Streaming to you from the sunny side of the bay in beautiful Oakland, California, you’ve found the internet home of people-centered digital software designer and resident tall person, Kyle Turman.

Kyle Turman He/They
World Wide Web Mad Scientist
Member of Design Staff

Current Values

Stay curious and don’t be afraid to question things that have gone unquestioned for too long. Follow your curiosity, push beyond the surface, and challenge the status quo.

Keep learning from diverse voices of both past and present. Maintain an open mind and gain perspective. If you learn you’re wrong about something: listen, learn, & do better.

Let’s design the future to equitable and sustainable — inspired by humans and nature. The future is ours to design, so let's help create a better life for all, not just a few.

A Brief History

Hailing from the pan-shaped state of Oklahoma, I've zipped across these United States (with my lovely partner Annie and trusty dog Lulu) to work with some spectacular folks at companies of many shapes, sizes, and stages.

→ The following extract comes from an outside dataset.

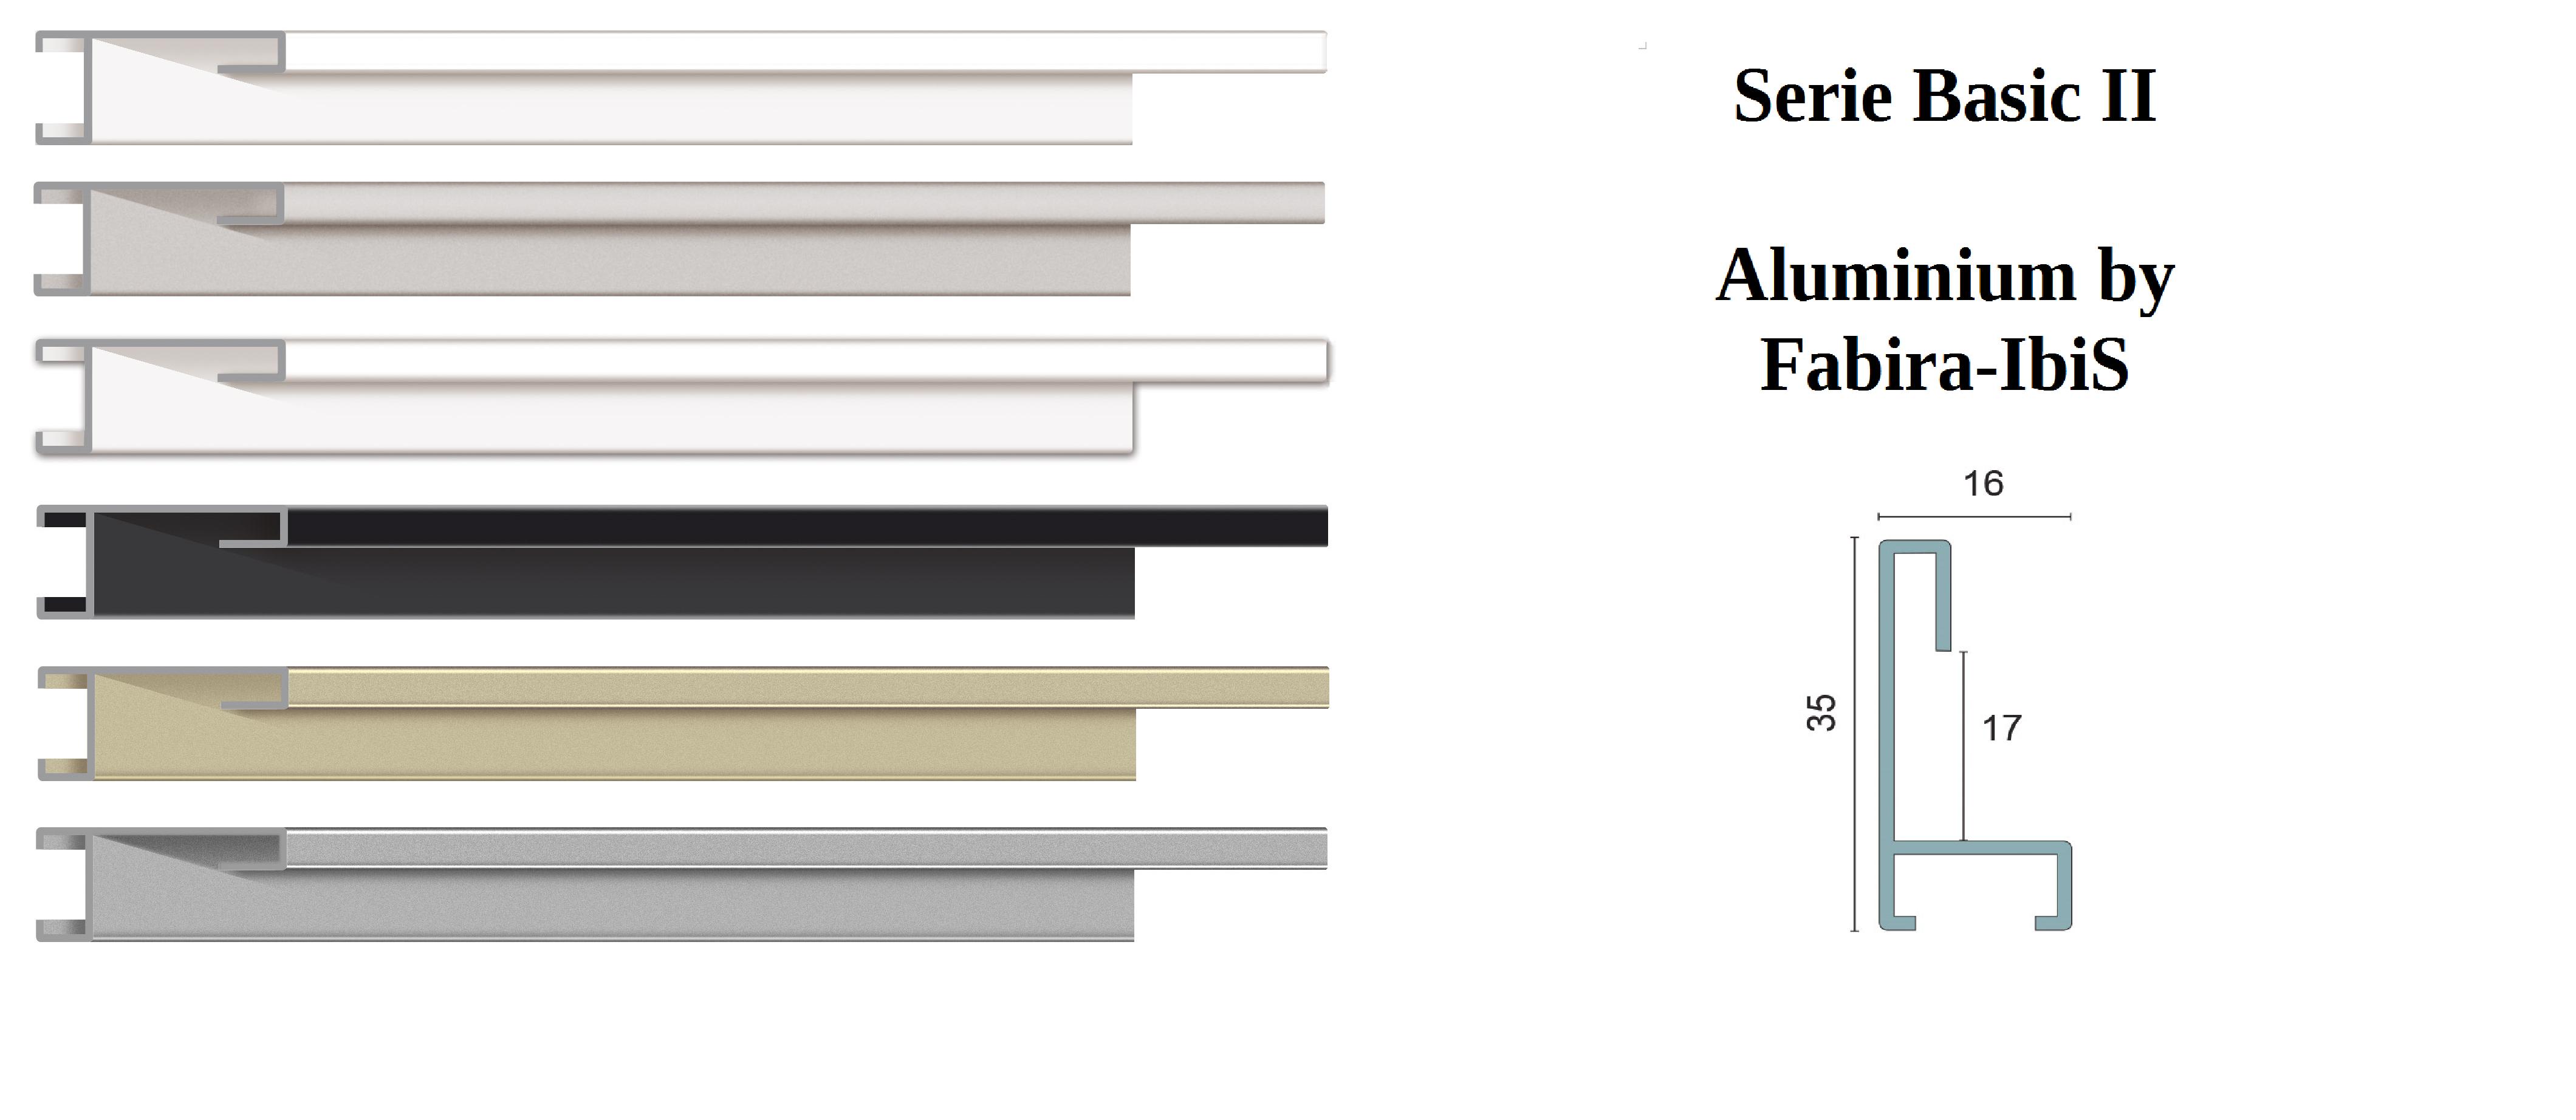 Fabira-IbiS Aluminium: Basic II

Over the past 17+ years, I've helped build teams, evolve brands, create systems, and design & ship software both large & small. Through it all my goal has been to keep the focus on people — from the people who use software to the people who make it.

I deeply believe people deserve care, respect, and joy, and here's how I've tried to keep that in mind over the years...



I joined Slack right between a public offering and a worldwide pandemic that changed the way many of us work. Needless to say I've witnessed and helped bring to life a host of changes, but a thing that stayed true is how I saw folks balance caring for one another and our customers so well.

I learned this fast as I worked with top-notch folks right out of the gate to overhaul our sign-up and login surfaces using new product principles like "Be a good host," and continued to learn as I collaborated with brilliant engineers to push the future of the Slack developer platform.

I finished up my time there by leading a ragtag crew of designers, technologists, and systems folks that aimed to make the design infrastructure of Slack fast, high quality, and delightful — which ended up laying down the foundation for a larger IA redesign project.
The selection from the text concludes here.